Extracted entries:
------------------------------------------------------------------------

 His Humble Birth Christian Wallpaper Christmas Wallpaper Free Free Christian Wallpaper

------------------------------------------------------------------------

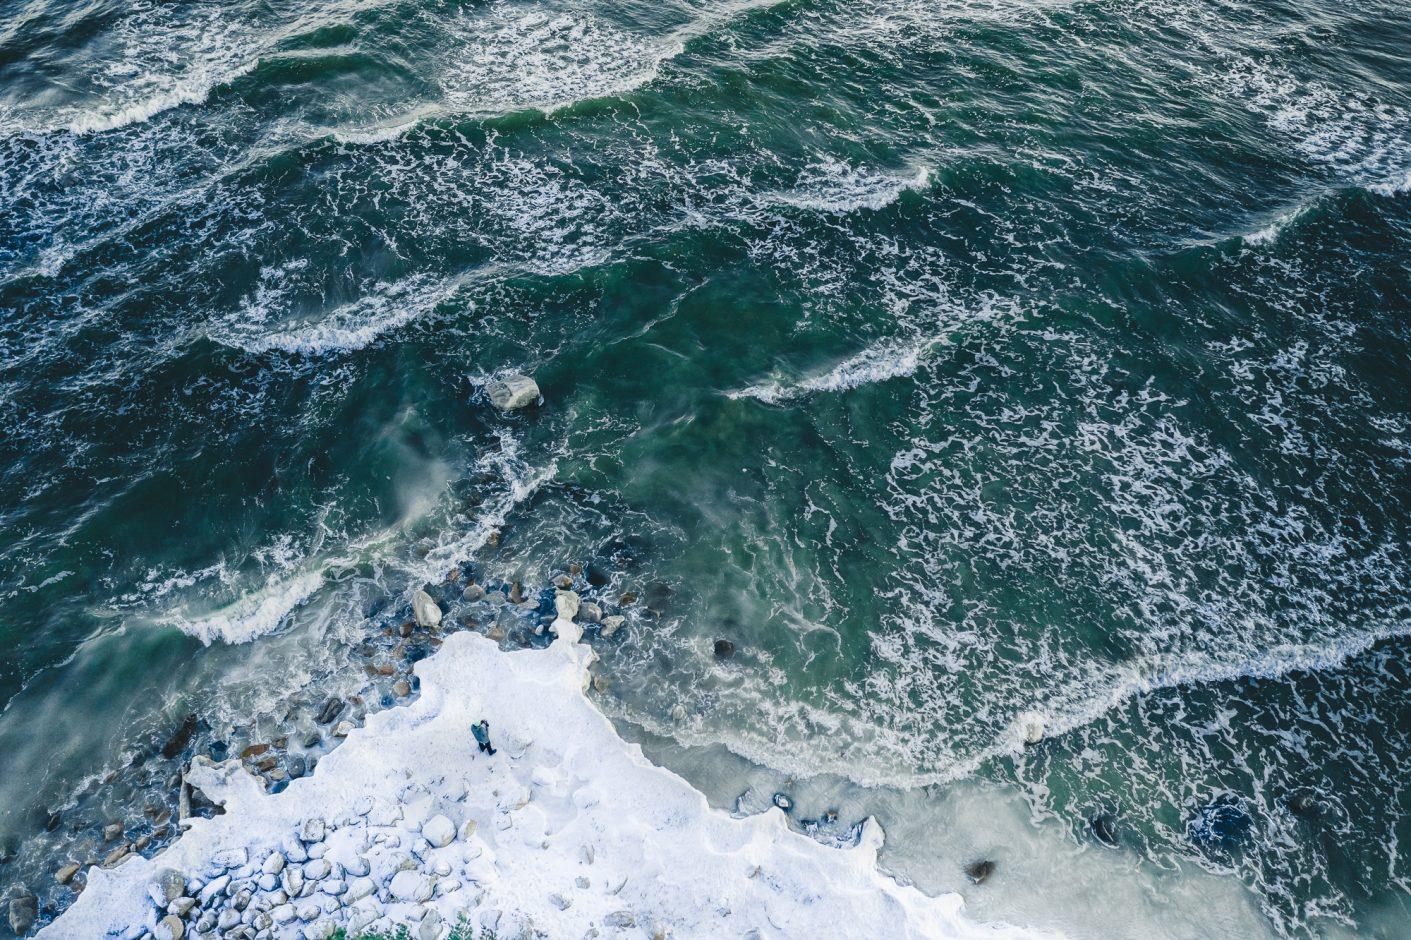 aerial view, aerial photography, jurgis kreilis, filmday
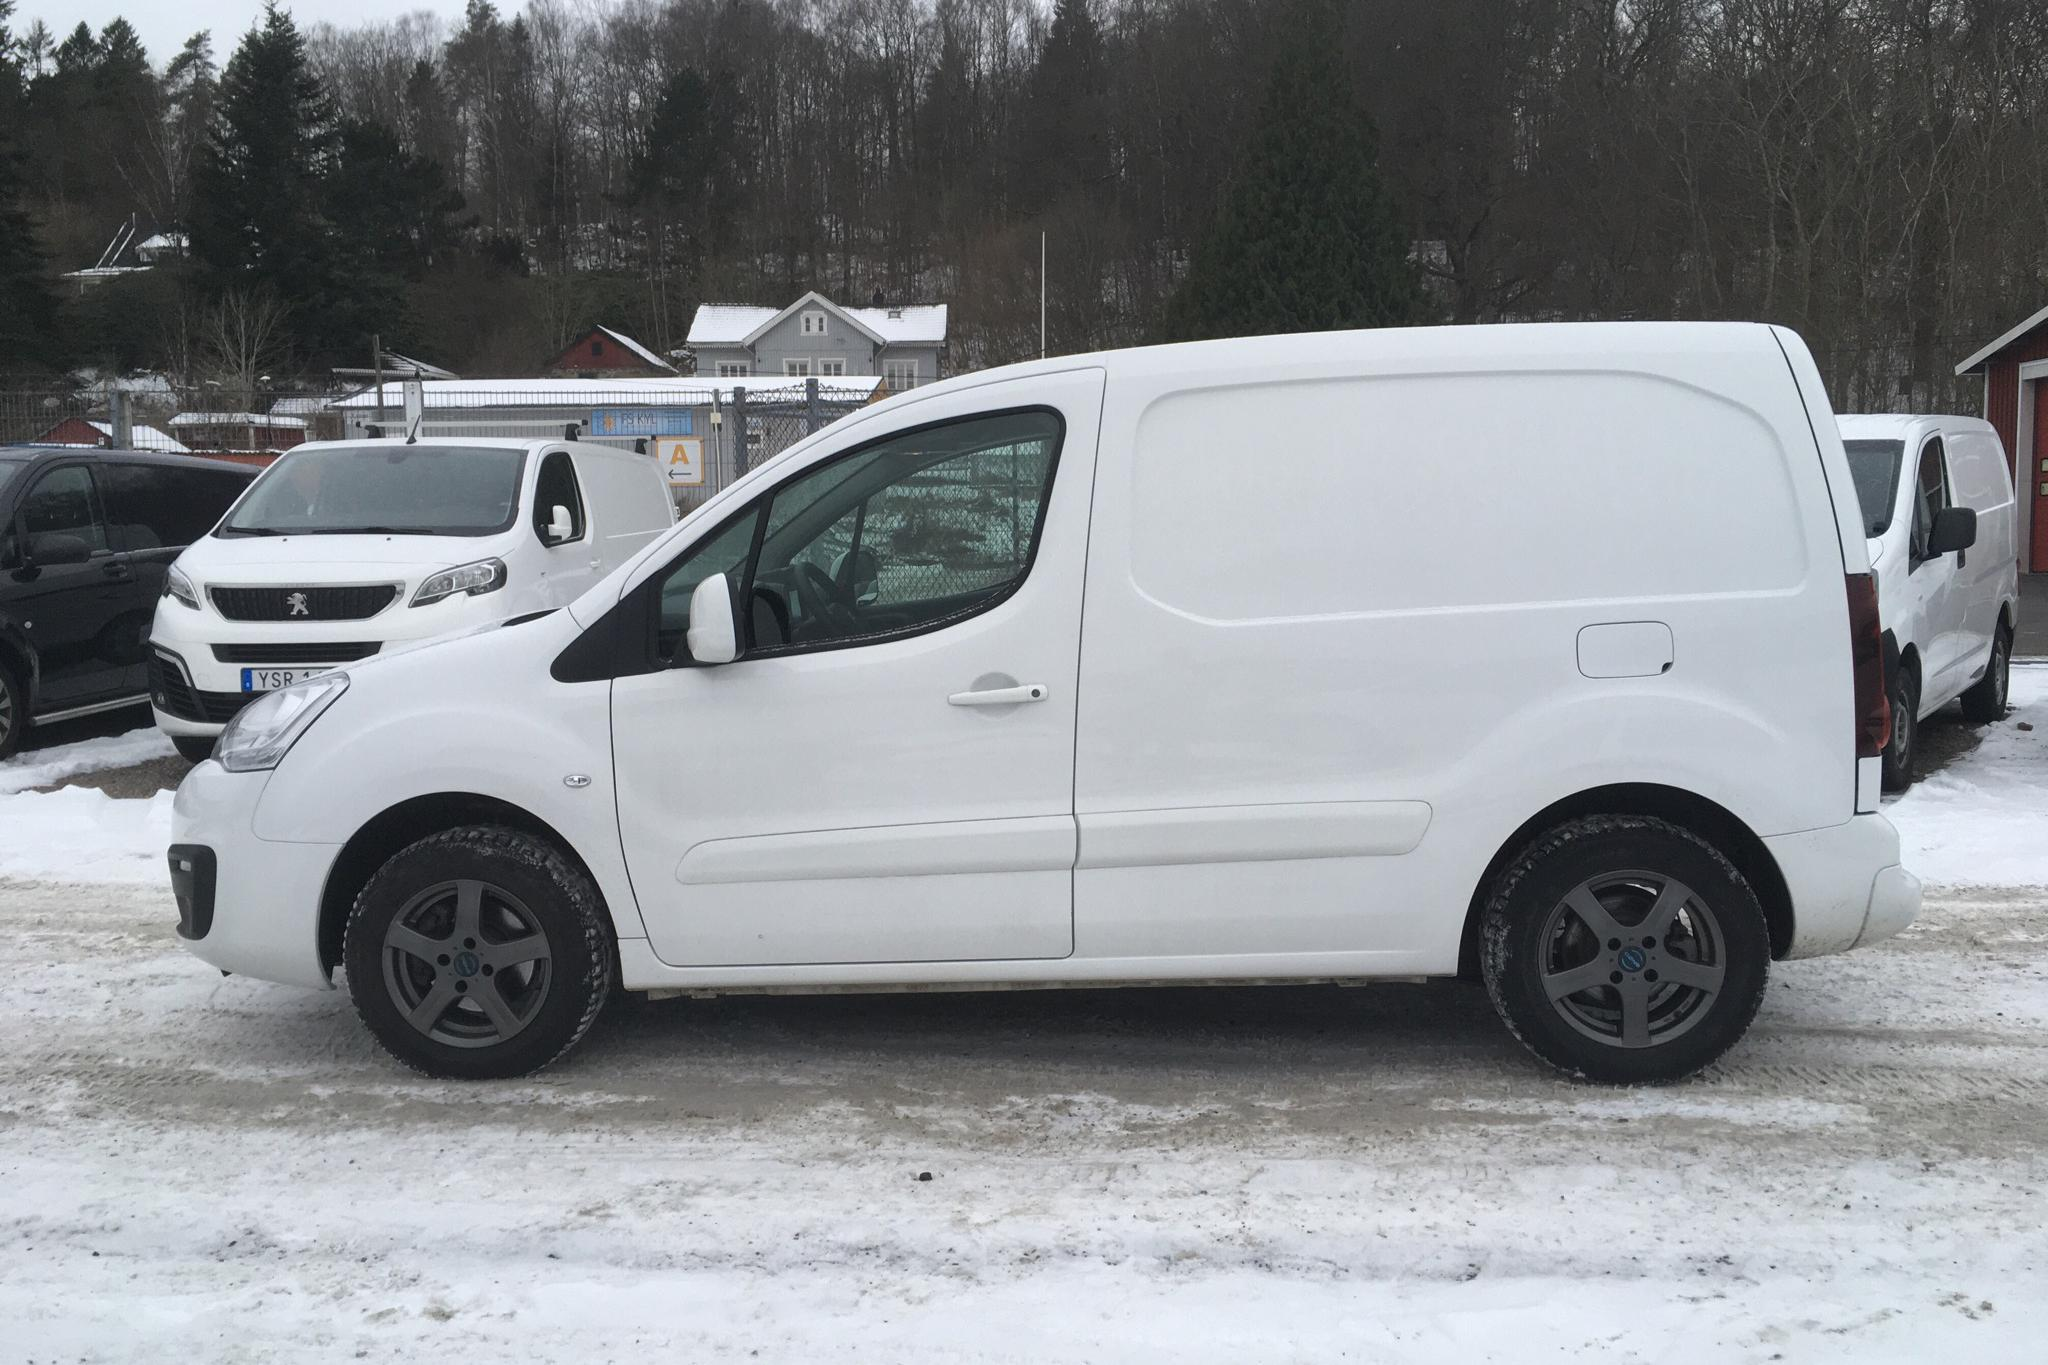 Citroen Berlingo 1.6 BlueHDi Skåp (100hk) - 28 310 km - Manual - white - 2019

------------------------------------------------------------------------

Aim of the task: Only the lines of the listing above from the one with "aerial view, aerial" through the one with "Citroen Berlingo 1.6" should be output, exactly, with both ends kept and pictures left out.

Exercise response:
 aerial view, aerial photography, jurgis kreilis, filmday
 Citroen Berlingo 1.6 BlueHDi Skåp (100hk) - 28 310 km - Manual - white - 2019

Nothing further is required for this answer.